Рождение волшебницы — страница 119 из 284

— Провалиться, так с треском!

И с этим провалилась. То есть исчезла.

Оставив после себя раскрытый том и внезапно осиротевшего Дракулу, который принял эту новую превратность со стоической покорностью.


Едва поймала она глазами заглавие статьи «Истина», как очутилась в кромешной тьме.

Тьма эта отличалась от всякой другой. Во-первых, несмотря на полнейший, непроницаемый мрак, Золотинка отлично видела свои обгоревшие на солнце ноги. Видела плечи, живот, растопыренную для пробы пятерню. Тело ее было равномерно и сильно освещено, хотя самый источник света не поддавался определению. Во-вторых, она ни на чем не стояла, то есть под ней не было никакой опоры. И не было ощущения, что она висит или парит… Золотинка просто… пребывала. Обреталась во тьме. Не чувствуя ни жары, ни холода. Воздух был свеж и чист, хотя ни малейших токов его не ощущалось. Она попыталась сдвинуться, и ничто не мешало ей шагать, как бы подниматься или даже спускаться, переворачиваться через голову. При той, однако, странности, что в полнейшей мгле невозможно было понять, действительно ли она движется или перебирает ногами на месте. Вокруг ничего не менялось.

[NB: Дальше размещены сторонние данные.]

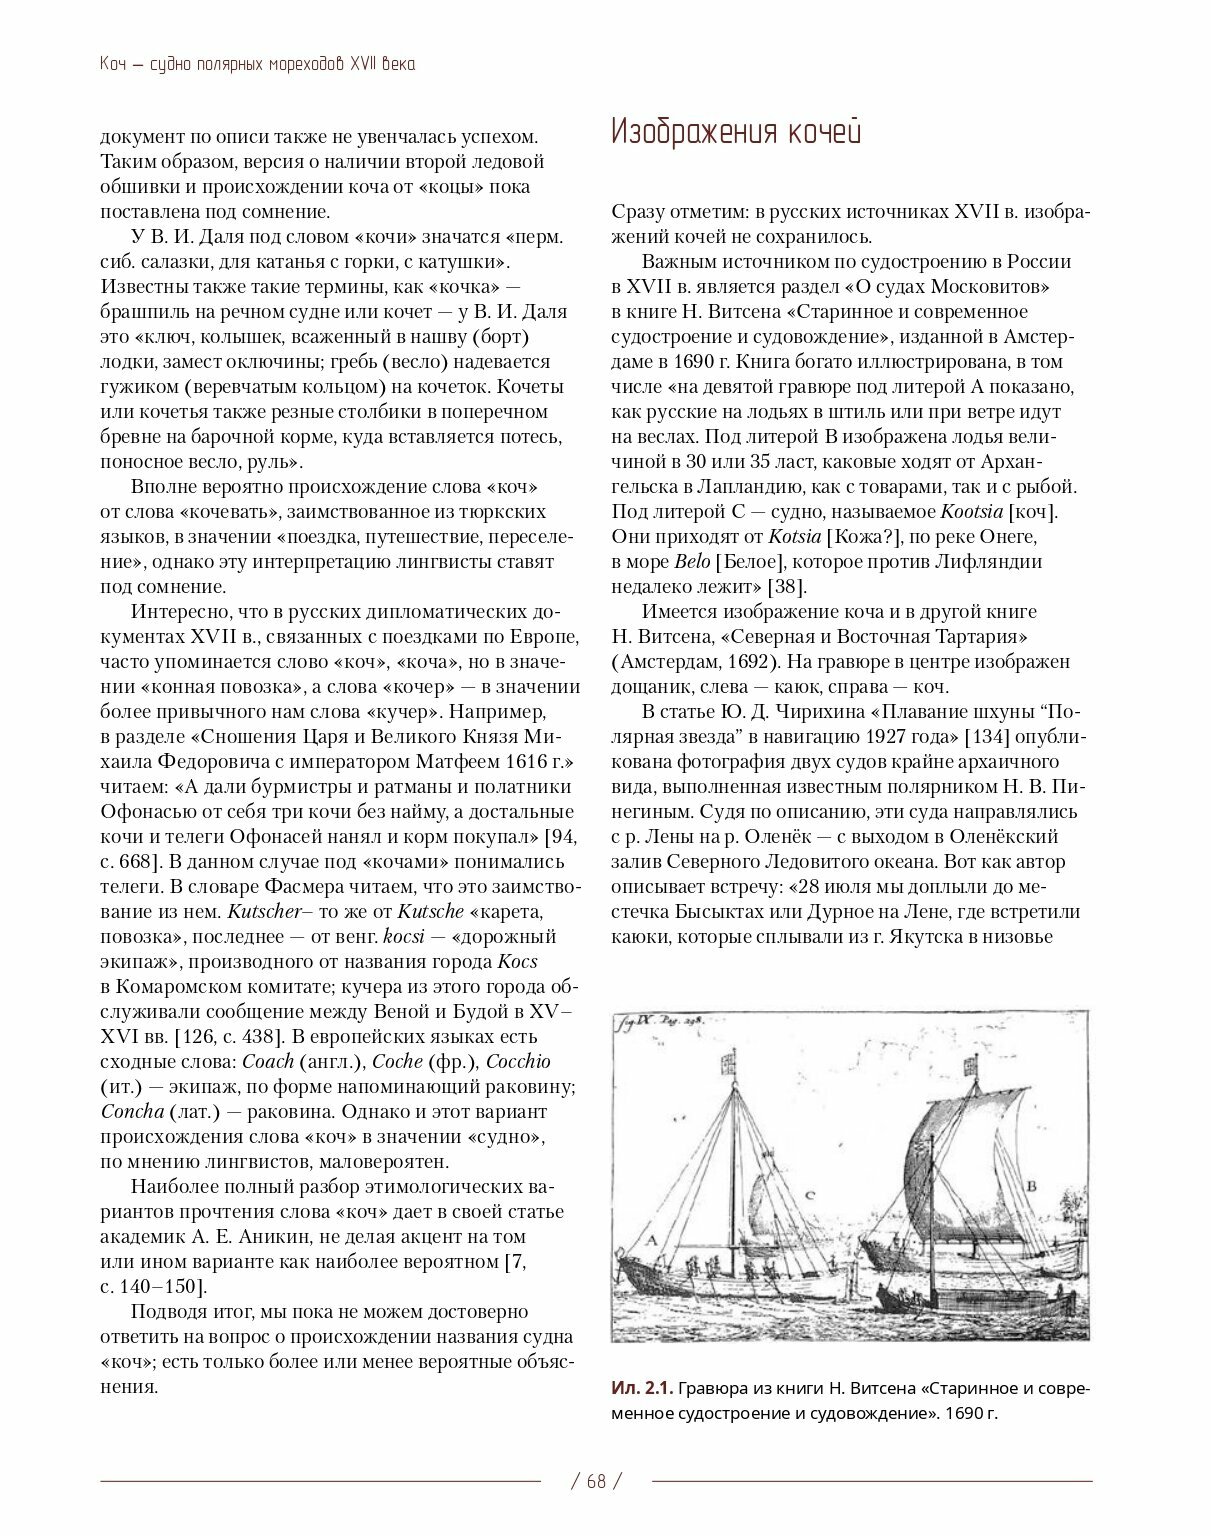 Коч — судно полярных мореходов XVII века. Новые данные - фото №4
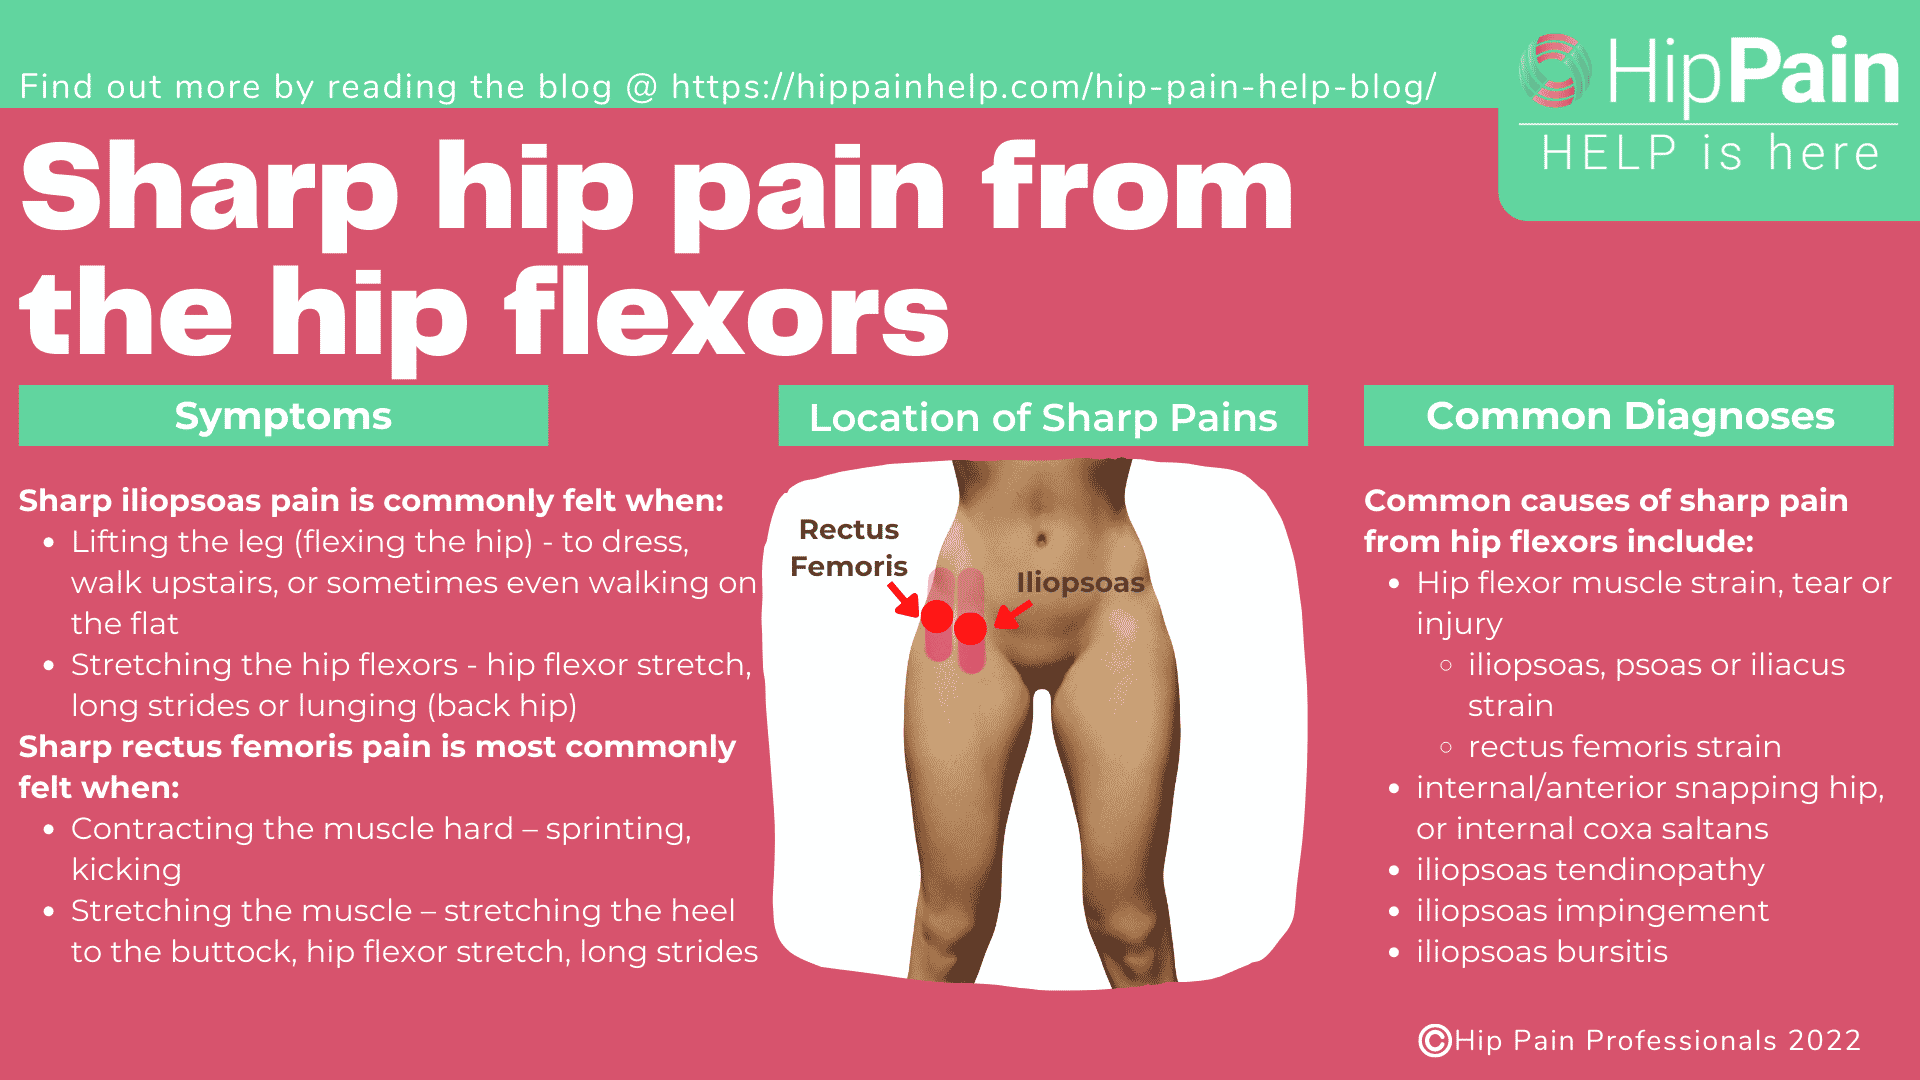 Sharp hip pain from the hip flexors

— Вот так истина! — сказала Золотинка, совершенно не рассчитывая на то, что громогласному ее недоумению сыщется свидетель. — Это что, издевательство?

— Да что ты, малышка! Как можно! — раздался ласковый голос. Золотинка узнала его прежде, чем оглянулась.

И со щенячьим визгом кинулась навстречу Поплеве, который, шумно вздохнув, принял ее на широкую, как лемех плуга, грудь.

— Поплева! Поплева! Да ведь Поплева! — восклицала она, вдыхая запах смолы, махорки, ощупывая, перебирая, терзая, целуя, дергая за бороду и снова кидаясь обнимать со слезами и смехом. Он это, он — нечесаный, свирепо всклокоченный, краснорожий, добрый, в парусиновой рубахе и в штанах, босиком, как привык он разгуливать по палубе «Трех рюмок». Но здесь под огромными его ступнями с оттопыренными пальцами была тьма.

— Поплева, да ты ли это? — отстранилась Золотинка в недоумении и восторге.

— Как бы это сказать, малышка… — смутился он, — я, конечно, совершеннейший Поплева. И в то же время, как бы это выразиться… плод твоего воображения. К сожалению.

— Да? — протянула Золотинка, отступая на шаг.

Поплева, заметно задетый, вздохнул и прижал к груди пятерню:

— Для полноты истины следует признать, что вообще-то… я учитель мудрости.

И тут раздался голос Тучки:

— А ты присядь, малышка! — улыбаясь, Тучка подвинул ей небольшое, уютное облачко.

Она замерла, а он, круглолицый, остриженный, как арбуз, призывно раскинул руки и сказал жалобно:

— А мне?

— Тучка, ты тоже ненастоящий? — сказала Золотинка, не справившись с голосом. — Ты убит?

Круглое лицо Тучки исказилось, он неровно задышал и прикусил зубами дрогнувшую нижнюю губу.

— Прости, родной! — Золотинка сорвалась с места. Залегшее на пути облачко отскочило под ногой, невесомое и мягкое в столкновении. В объятиях Тучки Золотинка разрыдалась.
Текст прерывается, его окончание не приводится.